<第1回>出産費用で9000ドル!? 四児の母が語る「海外出産奮闘記」~できちゃった婚・妊娠編~ (2/3ページ)
母も娘の出産は特別なようで、近くで産むことを希望しています。
一方の夫は……というと、「micaが安心できるように、micaが好きなように」というスタンス。
両親の気持ち、居心地の良いわが家と天秤にかけると、“アメリカでの新生活”はちょっとやそっとの勇気では飛び込めません。
しかも、アメリカは保険が高い、出産費用は桁違い。当時の金額で8,000-9,000ドルです。
それに「英語が通じなかったらどうする?」などなど、不安材料は挙げ始めたら、芋蔓式に出てきてキリがありません。
しかし私の心に迷いはありませんでした。
「もし可能なら、夫のそばで」
私の希望ひとつで、夫はアメリカの新生活へ向けて行動を開始しました。
■家族をイラだたせる「できちゃった婚」、嫌味を言われる日々
のんびりしている妊婦の私にイライラした母が、結婚情報誌を投げつけたことは忘れられません。よほど腹に据えかねたのでしょう。

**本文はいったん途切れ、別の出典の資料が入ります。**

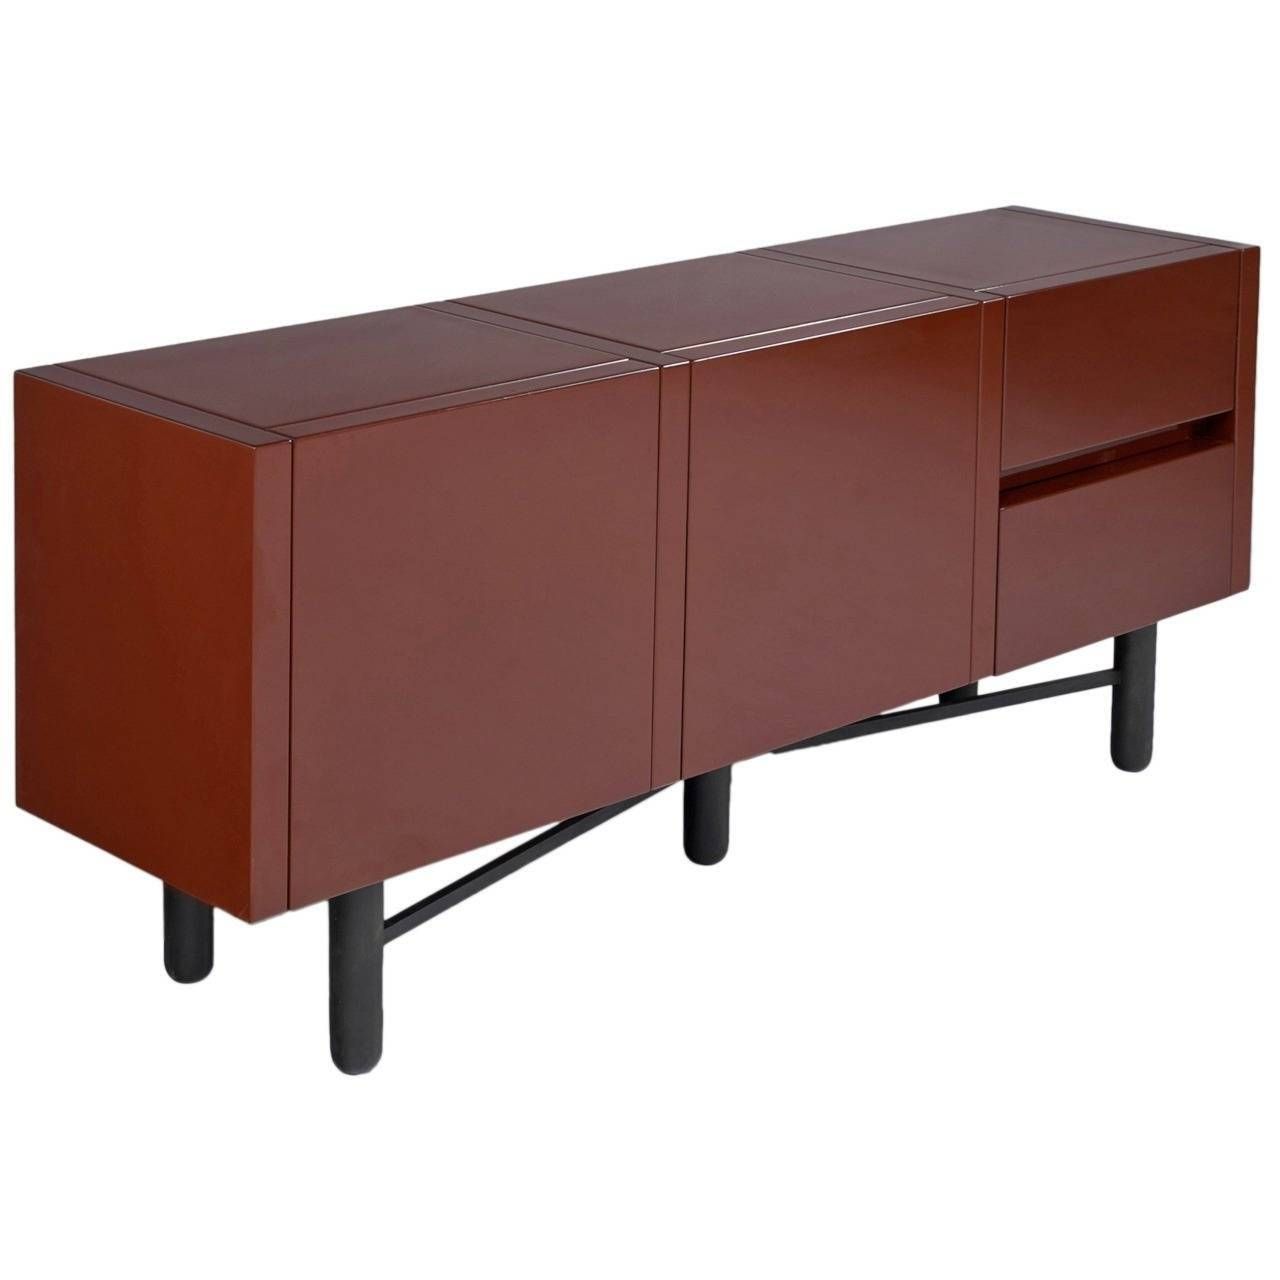 Roche Bobois Red Lacquered High Gloss Sideboard For Sale At 1stdibs Inside White High Gloss Sideboards (Photo 18 of 30)
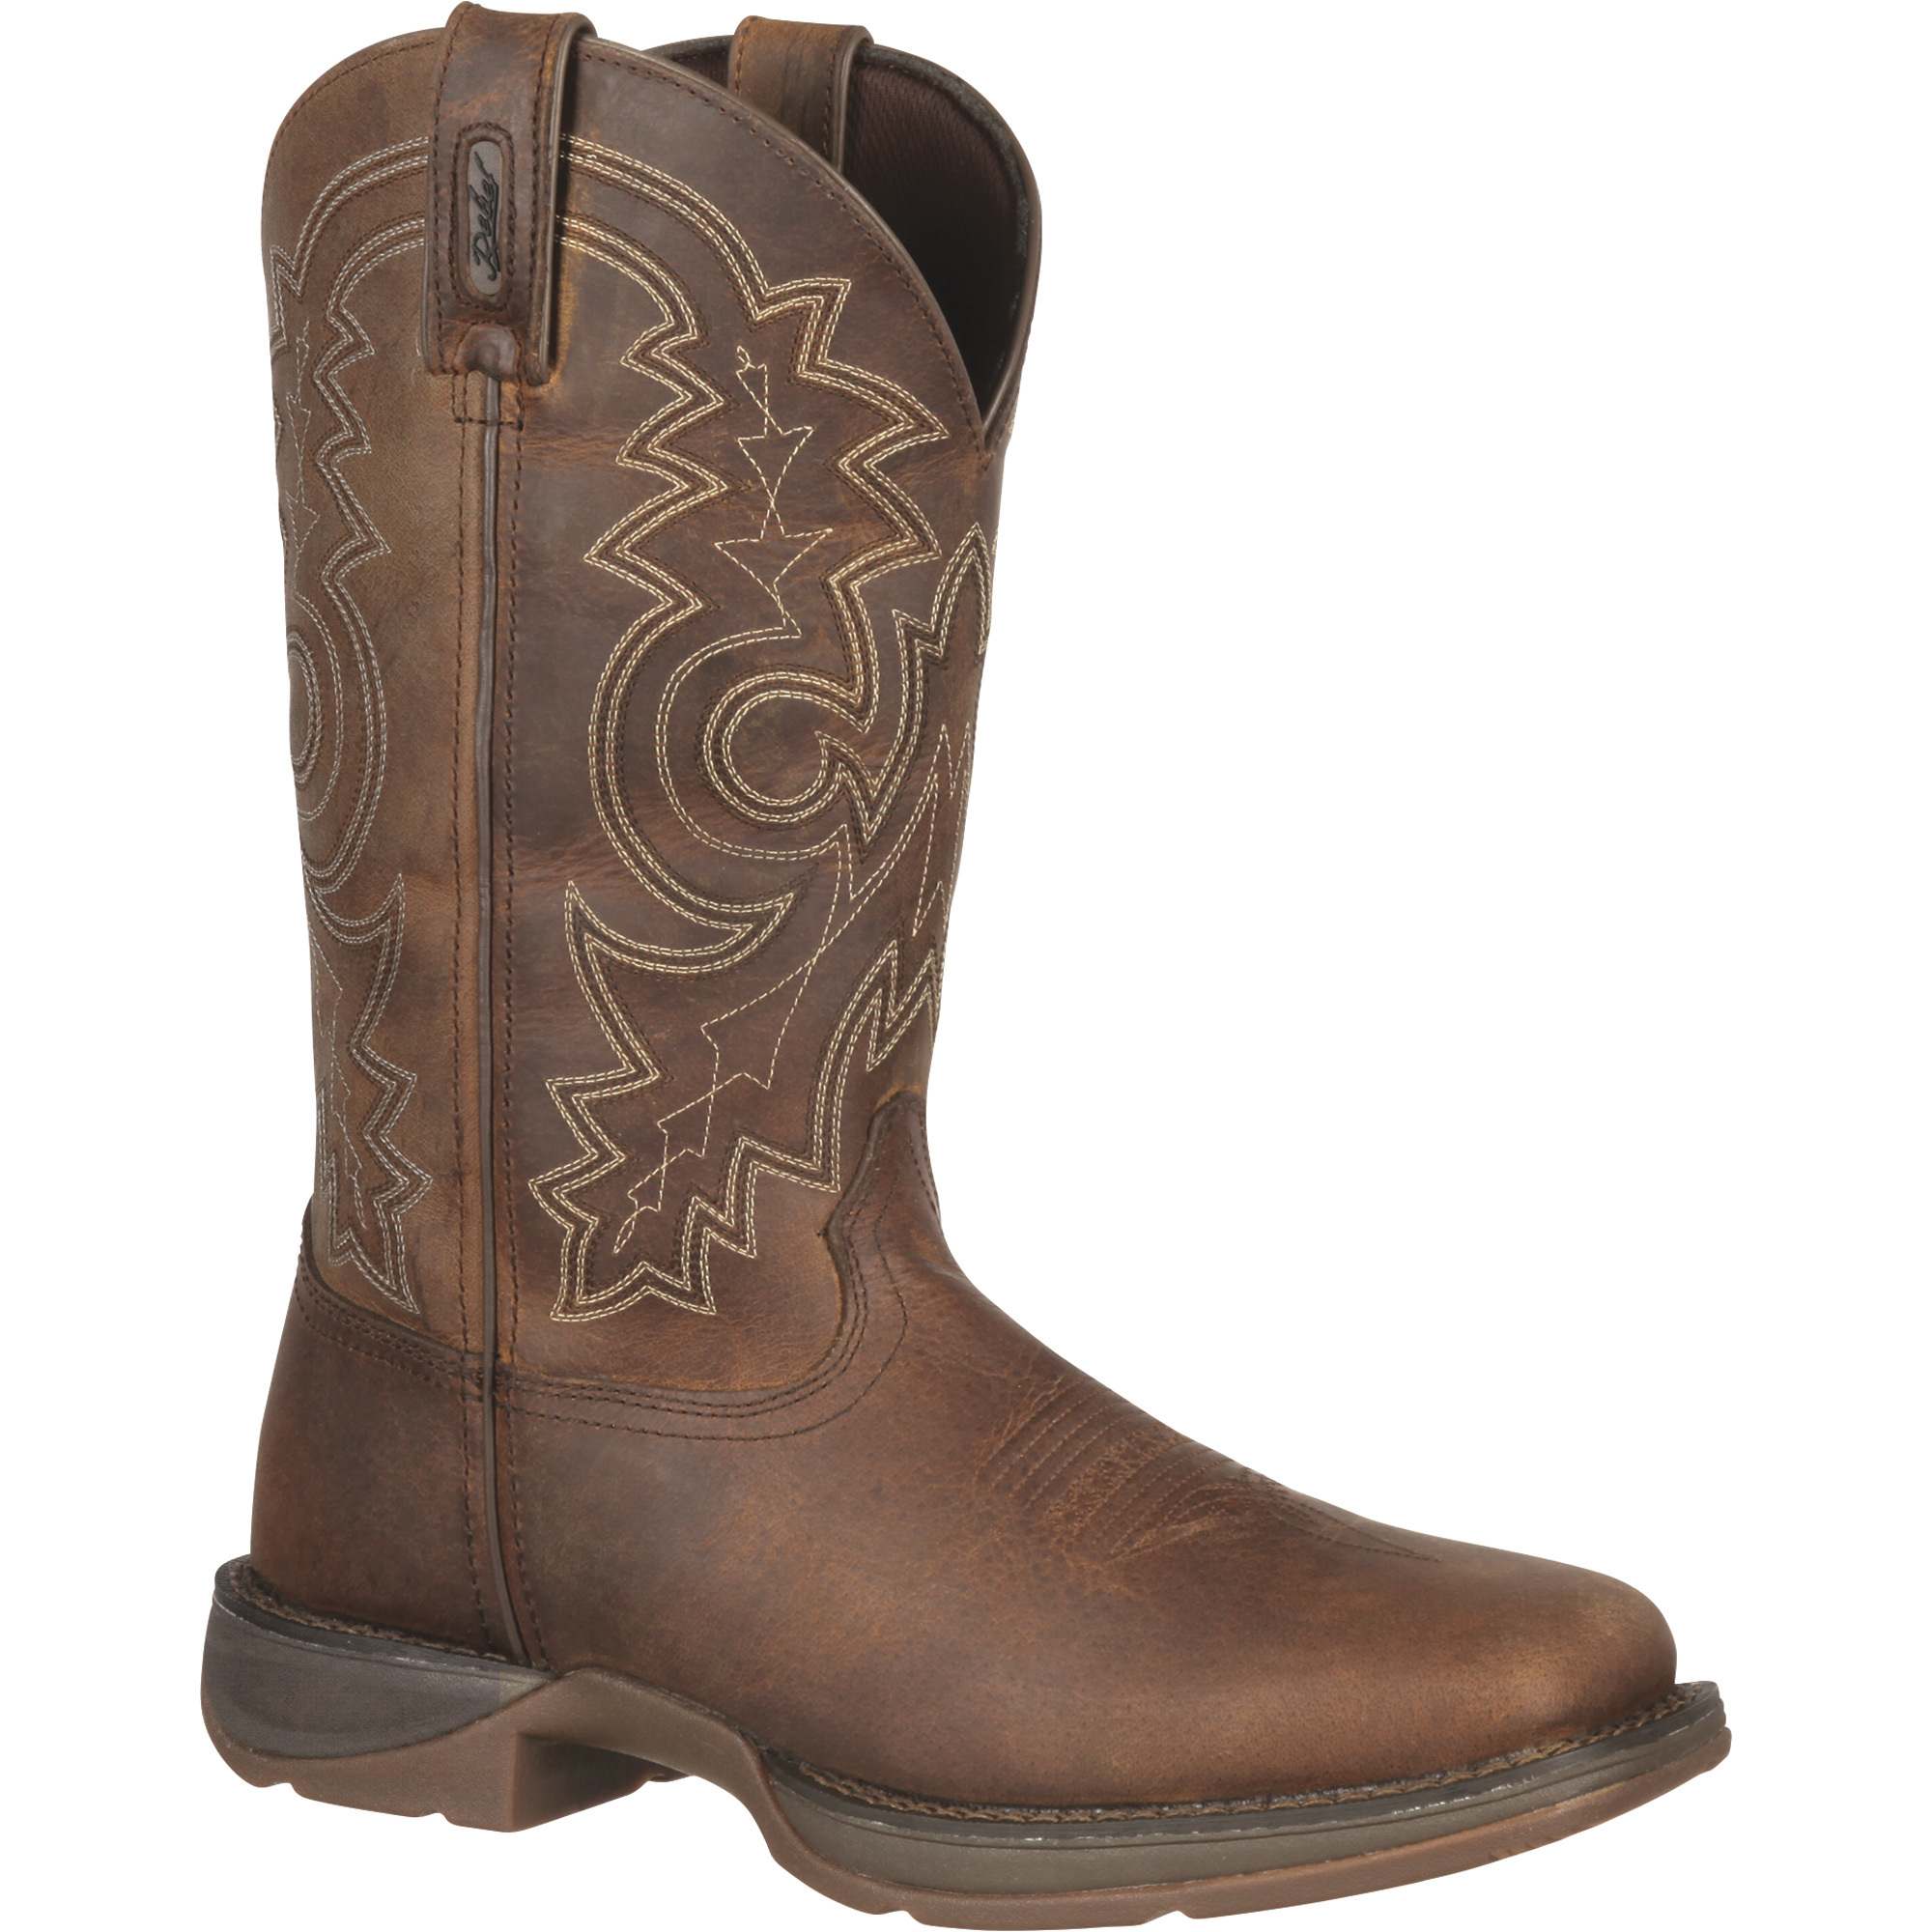 Durango Rebel 11Inch Square-Toe Western Boots - Brown, Size 10 Wide, Model DB4443

大慌てで結婚式を挙行した後も、私と彼はアメリカへ行く予定なので、日本の新居はありません。
すごすごと実家に帰るのがどこか間抜けで、誰もが“宙ぶらりん”なその状態を、快く思っていないのが分かりました。
当時のアメリカは、911の事件後から引き続き、ビザが大変下り難い状況だったのです。夫が懸命に奔走するも状況はなかなか進展せず、父はイラだち、母からは嫌味を言われ……。
そんな辛い状況でも赤ちゃんは全く問題なく、お腹はむくむくと大きくなってゆきました。
それは混沌とした中での一筋の希望のようでもあり、また、一貫して前向きだった、夫の姿勢に応えてくれているようでもありました。
■まるで牢獄…。渡米妊婦を待ち受けていた「狭い座席、長いフライト」
夫の奔走の甲斐あって無事ビザが下り、とうとう成田から出発です。
涙ぐみながらもニコニコして手を振る父母を背に、夫と手をつないで搭乗口へ。これから初めて2人で暮らすんだという事実がただただ嬉しく、楽しみな気持ちしかありませんでした。
しかし、妊娠8ヶ月の渡米は想像以上に過酷でした。